WORK TASK – From the line that contains "WorldRemit send Mpesa money to Kenya" to the last line of the data below, transcribe every line exactly. Do not include the pictures.

SOURCE MATERIAL –
════════════════

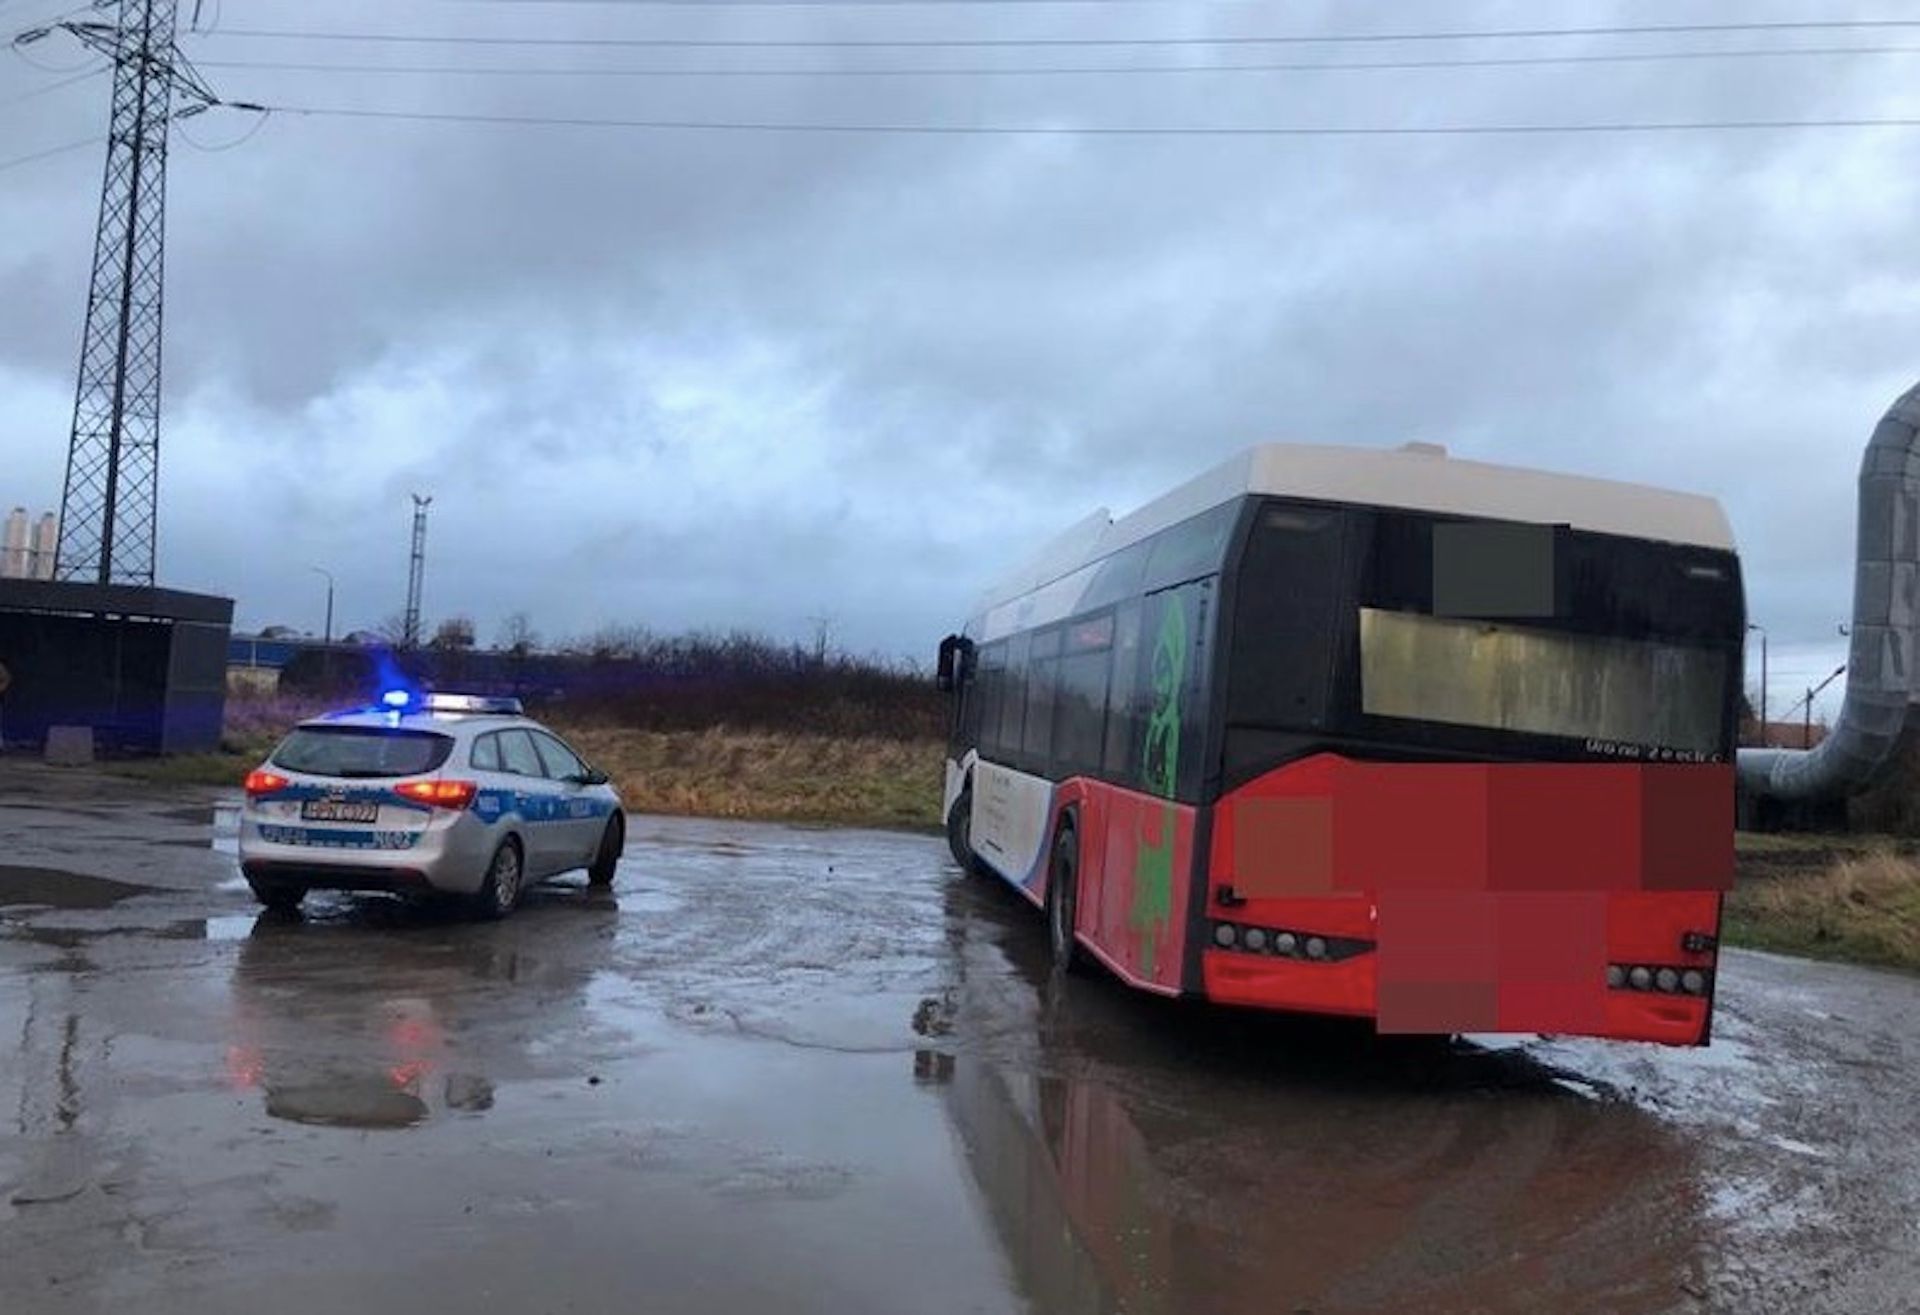 Kierowca autobusu wiózł pasażerów pod wpływem narkotyków
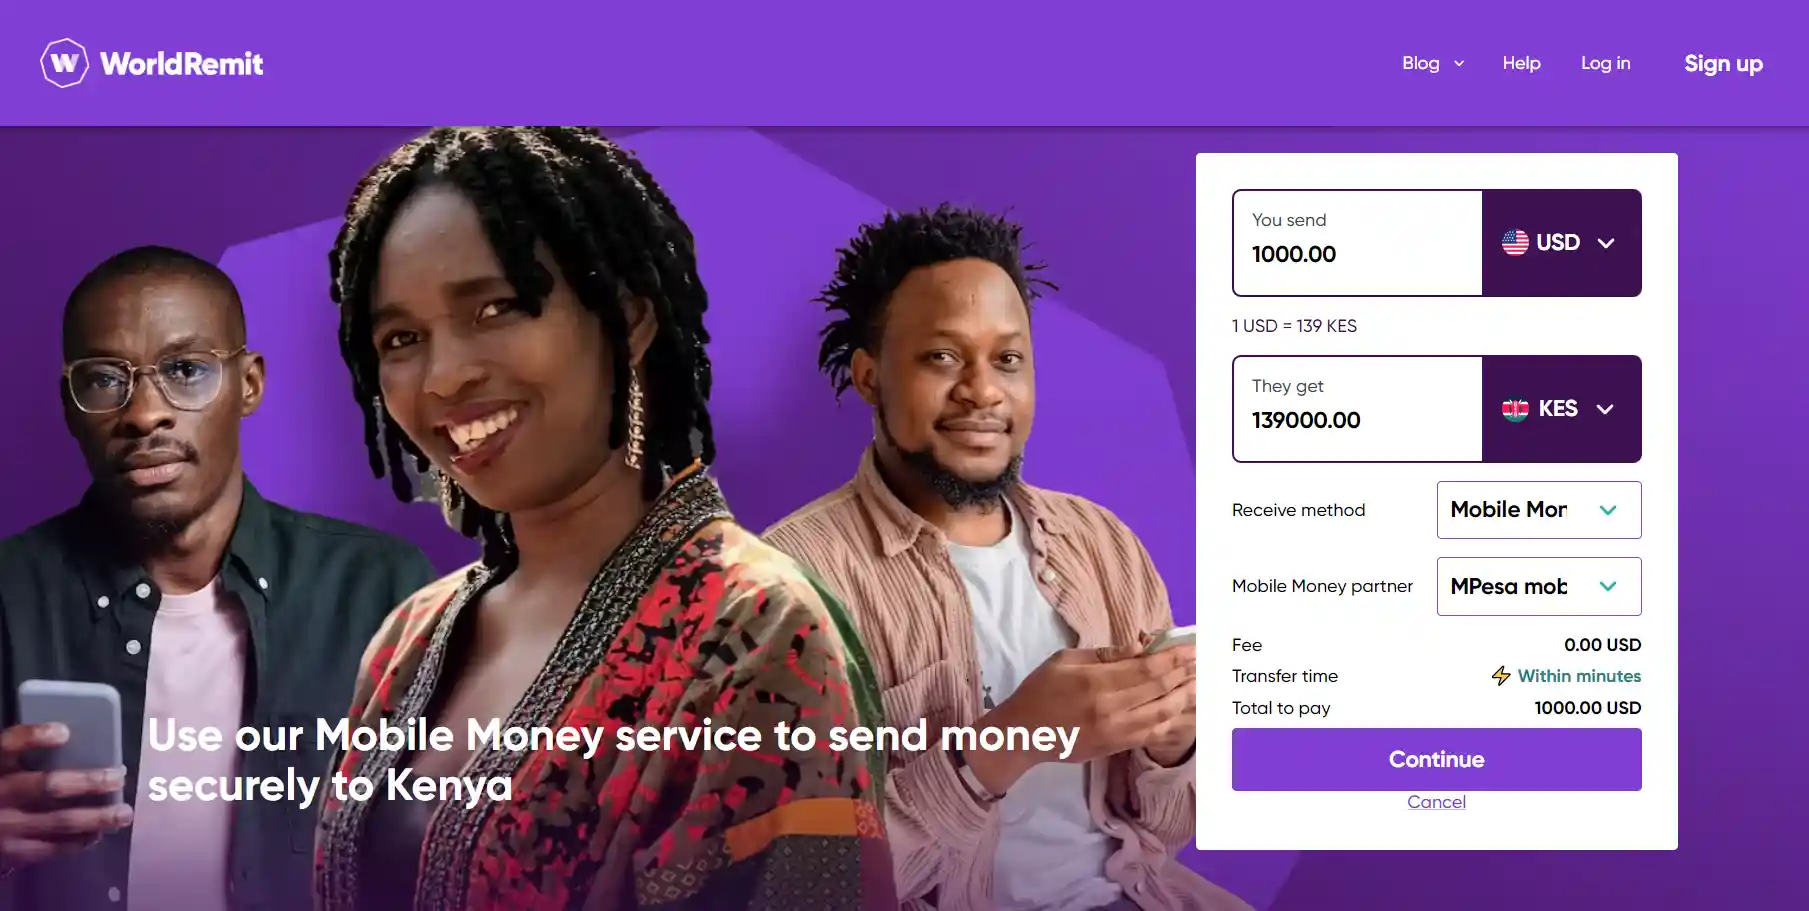 WorldRemit send Mpesa money to Kenya
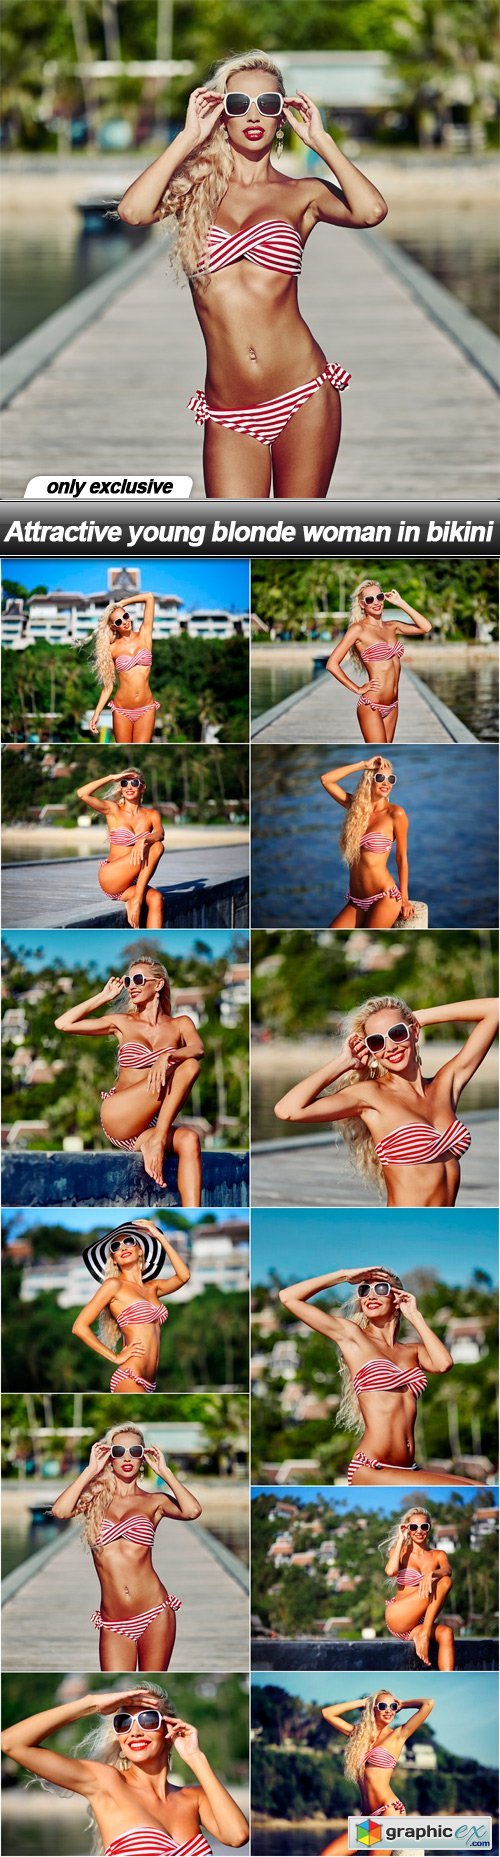 Attractive young blonde woman in bikini - 12 UHQ JPEG

════════════════

YOUR RESPONSE –
 WorldRemit send Mpesa money to Kenya
 Attractive young blonde woman in bikini - 12 UHQ JPEG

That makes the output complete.